Derivative: In chemistry a substance that is based on or derived from another substance.

Aspirin: Also known as acetylsalicylic acid. A pain killer (analgesic) based on salicylic acid, which is found in the bark of willow trees. The bark has been used for at least 2500 years to treat pain, fever, and inflammation. The chemical compound was first created by German chemists in the mid-1800s and sold under the name aspirin by the pharmaceutical company Bayer starting in 1897. It is nowadays used to treat pain, fever, inflammatory diseases (e.g., rheumatic arthritis), and to prevent heart attacks and some forms of cancer.

Willow tree: Name for a subfamily of deciduous trees and shrub found in cold and temperate regions on the northern hemisphere. The bark of willow trees has been used for at least 2500 years to treat pain, fever, and inflammation

Artemisinin: A drug against malaria isolated from sweet wormwood (Artemisia annua). Artemisinin and its related substances are the most commonly used drug against uncomplicated cases of malaria caused by Plasmodium falciparum.

Arthritis: Inflammation of one or more joints leading to pain, swelling and stiffness. Acute forms of arthritis are usually caused by bacteria. Common chronic forms are osteoarthritis (wear-and-tear arthritis often caused by overloading the joint and overweight) and rheumatoid arthritis (an autoimmune disease in which the body attacks its own joints). The treatment depends on the underlying cause of the inflammation.

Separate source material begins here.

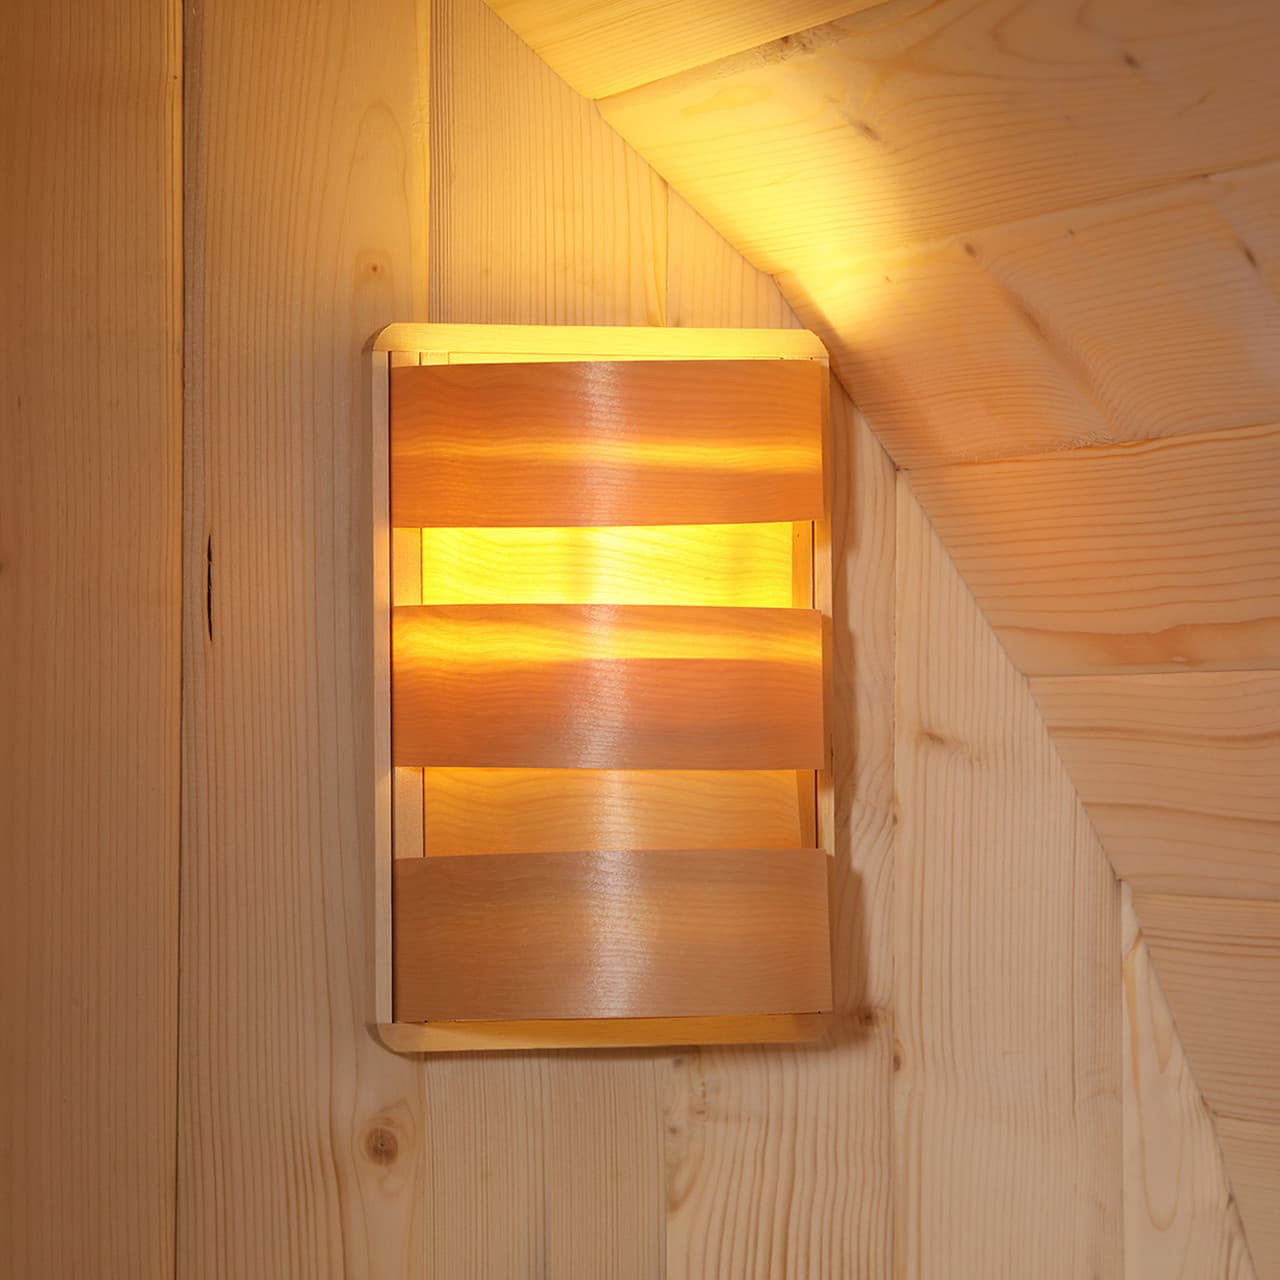 Aleko Outdoor Rustic Cedar Square Sauna – 6 Person – 6 kW UL Certified Electric Heater SRCE6HULU-AP - Serenity Provision

Diabetes: Also known as diabetes mellitus. Generic term for a group of diseases with abnormally high levels of glucose in the blood. In type 1 diabetes (10% of cases) the body doesn’t produce any insulin (the hormone that helps glucose enter the cells where it will be burnt to release its energy), whereas in type 2 (90% of cases) the cells don’t respond to insulin properly. High blood sugar levels cause a variety of complications such as glaucoma, cataract, skin ulcers, heart disease, high blood pressure, stroke and kidney failure to name just a few.

Hepatitis: Inflammation of the liver caused by a variety in causes, most commonly viruses (hepatitis A, B, C), chronic excessive alcohol intake, and prescription and recreational drugs. Acute hepatitis can be fatal, heal on its own or take a chronic turn. Chronic hepatitis is often subclinical in presentation with few or no symptoms at all, but more often than not leads to scar formation (fibrosis) or chronic liver failure (cirrhosis) that cannot be cured unless the patients receive a liver transplant. Chronic hepatitis also increases the risk for developing liver cancer.

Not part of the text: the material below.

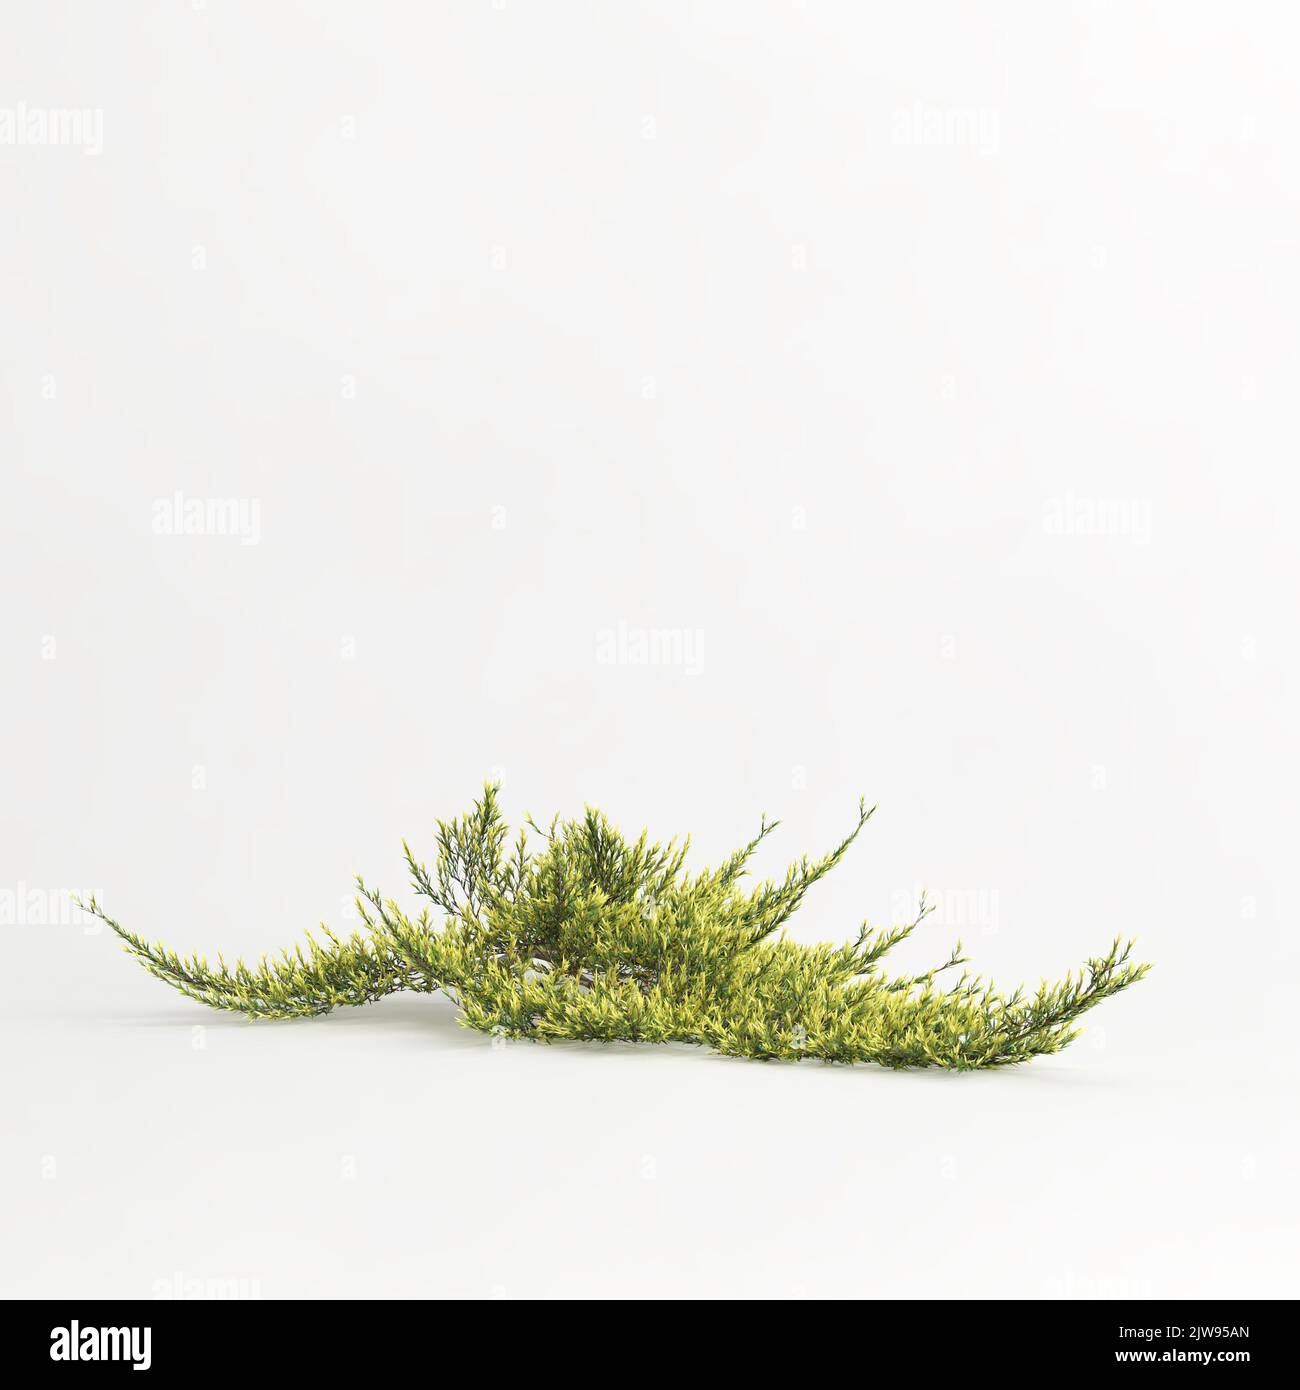 3d illustration of juniperus horizontalis golden carpet tree isolated on white background Stock Photo

Obesity: The Body Mass Index (BMI) is used to classify people based on body weight and height into underweight, (BMI below 20) normal body weight (BMI between 20 and 25), overweight (BMI between 25 and 30) and obese (BMI above 30). Even though those ranges aren’t a law of nature and may be changed depending on future research, we still know that the heavier people get the more likely they are to develop diseases of the cardiovascular system, diabetes mellitus type II, and osteoarthritis. Currently approximately 1/3 of Americans are of normal weight, 1/3 is overweight, and 1/3 is considered obese.

Hypertension: Also known as high blood pressure. A blood pressure of 140/90 or above at rest is considered as hypertension. There are some known risk factors that increase people’s chances of getting high blood pressure, such as obesity, too much salt in the body, smoking, and lack of exercise. However, 85% of all people with high blood pressure have no known risk factor or underlying cause and the disease cannot be cured only modified. High blood pressure doesn’t cause symptoms for most patients for many years, which explains why it goes often undiagnosed for a long time. Untreated high blood pressure can lead to heart attack, stroke, blindness, and kidney failure

Holistic medicine: A system of alternative healthcare that considers the whole person, body, mind, and spirit, instead of focusing on physical symptoms only. There is, however, no consensus what holistic medicine actually is and does. For some practitioners it is the combination of mainstream medicine with traditional medicine and herbal remedies, for others the focus is more on working with the mind, spirit and emotions of the patients.